How textbooks allow space for social biases or writers' prejudices

Updated on: Wednesday, August 11, 2010

“Ma, I'm hungry,” says Ramu, entering the kitchen. His mother was chopping greens… read the first few lines of a chapter in the class III State Board textbook for environmental science.

While the lesson goes on to talk about greens, parts of a plant and so on, in the illustration showing the mother chopping vegetables and the child asking her for food, there is another message that is not so loud — that it is the mother who has got to be in the kitchen, preparing food for the family. It is interesting to see how gender biases creep into textbooks, as if to reinforce existing stereotypes. Can textbooks or teachers enable students to question or challenge such notions?

There needs to be a conscious attempt, say teachers.

Recalling one of her classes, S. Chithra, who handles class VI at the Panchayat Union Middle School in Hasthinapuram, near Guduvanchery, says: “We were discussing great scientists and suddenly one child asks me, ‘weren't there female scientists? How come you don't tell us about them'?” It immediately struck the teacher how children were very closely following the content discussed in the class.

“Another day, we had a debate on who should cook at home. It was very refreshing to hear some boys say they would love to. Teachers should create a space for such voices, too,” Ms. Chithra adds.

“Neither educational planners nor teachers may be expected to be free of biases,” says V. Geetha of Tara Publishing. As someone who has also been working in the area of textbook analysis and gender, she says the biases in textbooks have to do with the actual absence of feminists in educational planning and teacher training.

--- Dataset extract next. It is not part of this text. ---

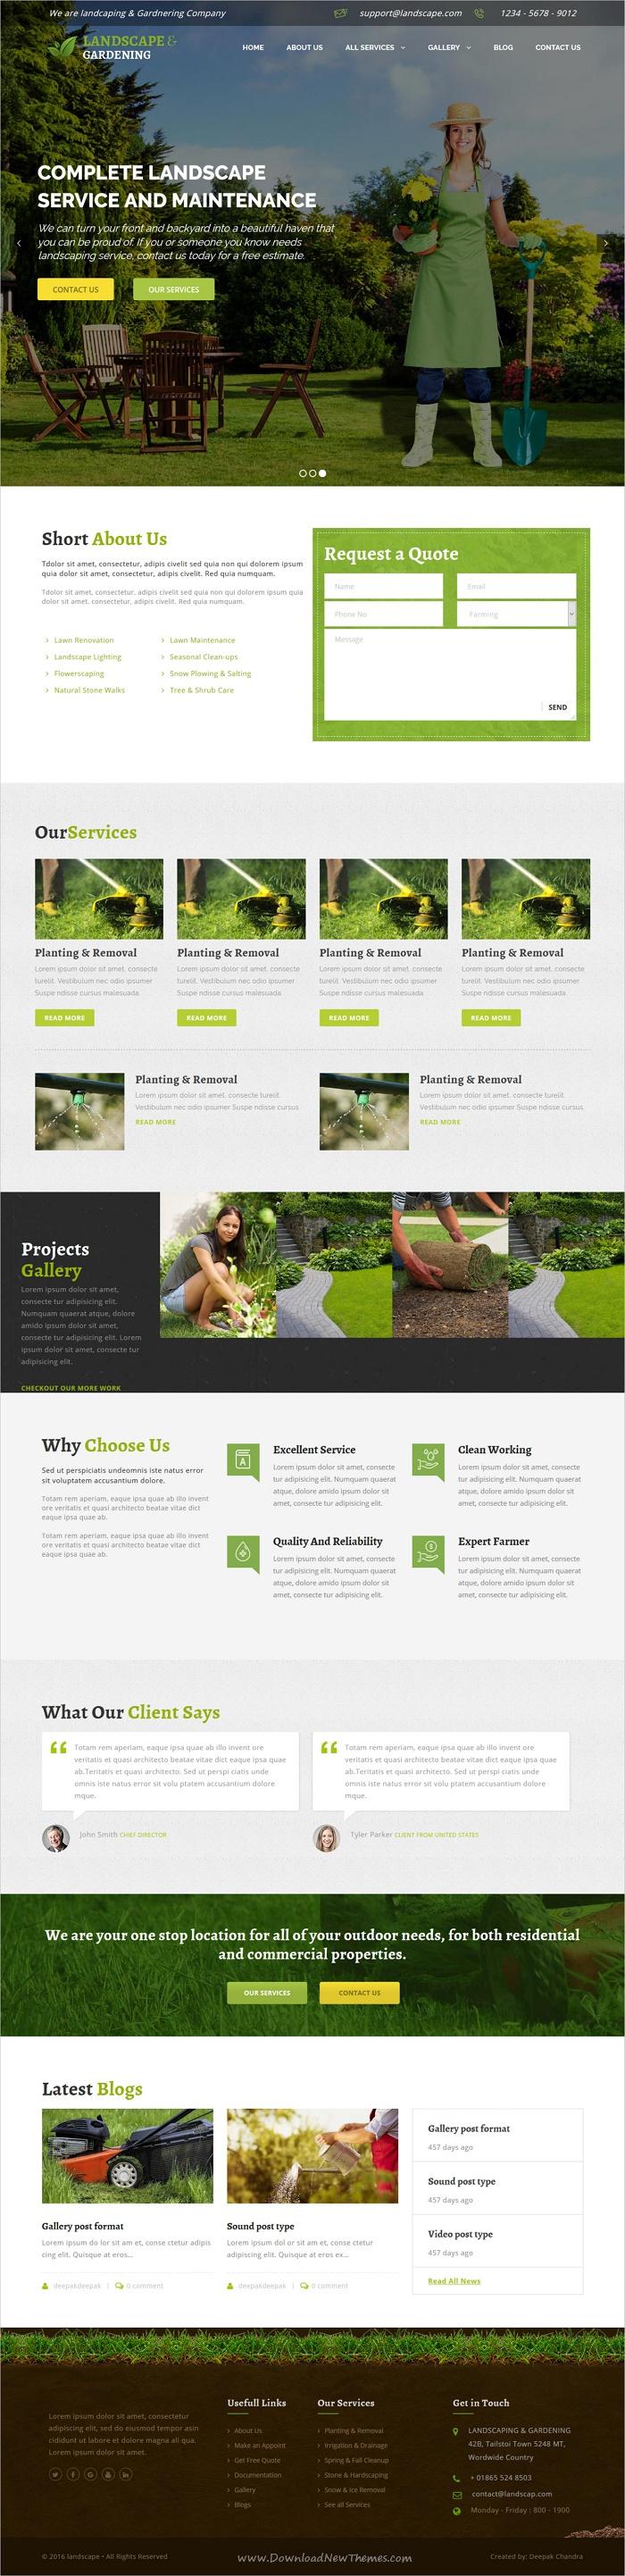 Landscape Wordpress Theme For Gardening Landscaping Landscape Landscape Services Amazing Website Designs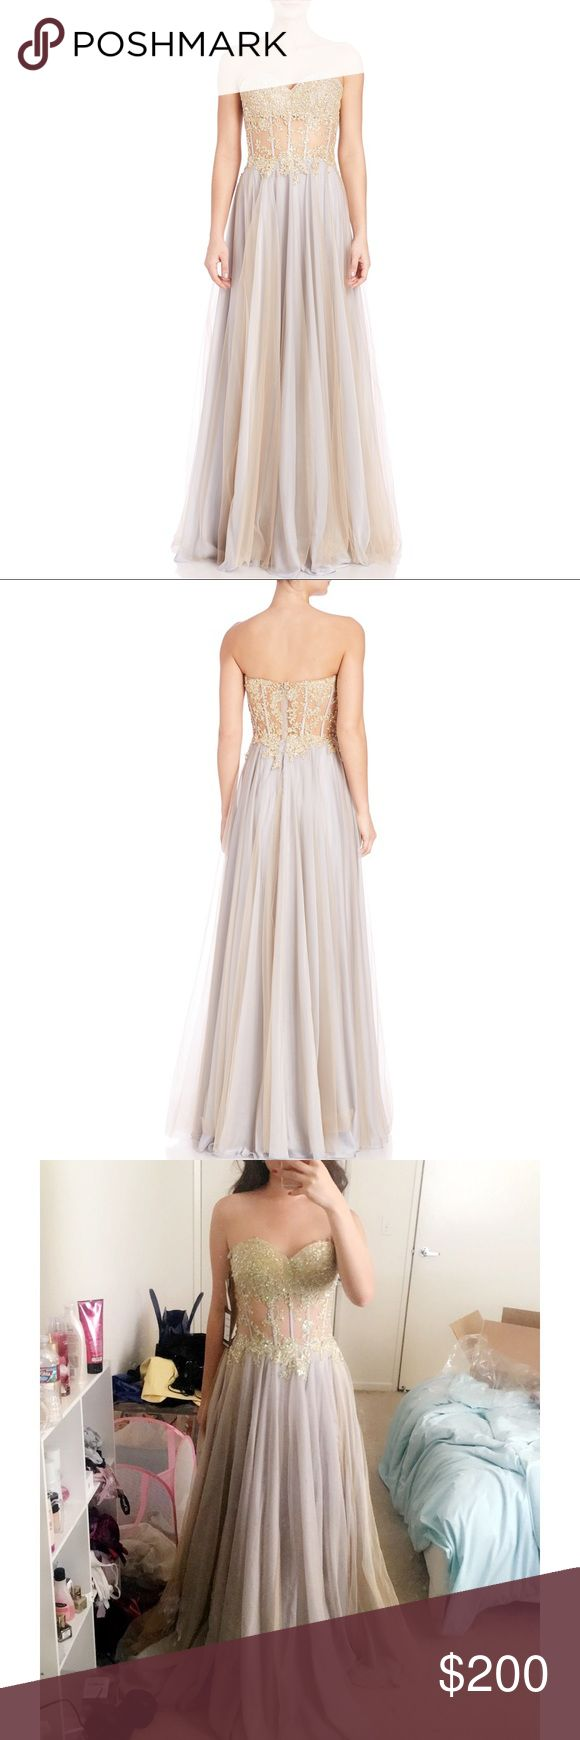 La Femme Prom Dress (size 0) La femme tulle corset bodice gown. Only worn once! La Femme Dresses Prom

“Textbooks are closed systems of knowledge — unless teachers bring them alive and open them up for discussion. Biases in textbooks may reflect social biases or those of writers or a mixture of the two,” she says. Speaking of gender biases, Ms. Geetha says: “The addressee in textbooks is always male, middle class, urban, upper caste. When teachers use books and give examples, they are more likely than not to use the pronoun ‘he' than ‘she'.” “Importantly, these biases are never simply those of girls being left out. It is important to ask what sorts of boys are featured in our books: not working class, lower caste or Dalit boys…So it is not just that we don't have girls, we also don't have the variety,” she notes.

Ms. Geetha feels that while addressing the issue in a larger sense, it is important to revamp teacher training. “When we talk of gender, we often think of female teachers, but we need to think of how we are going to educate all teachers, including men.”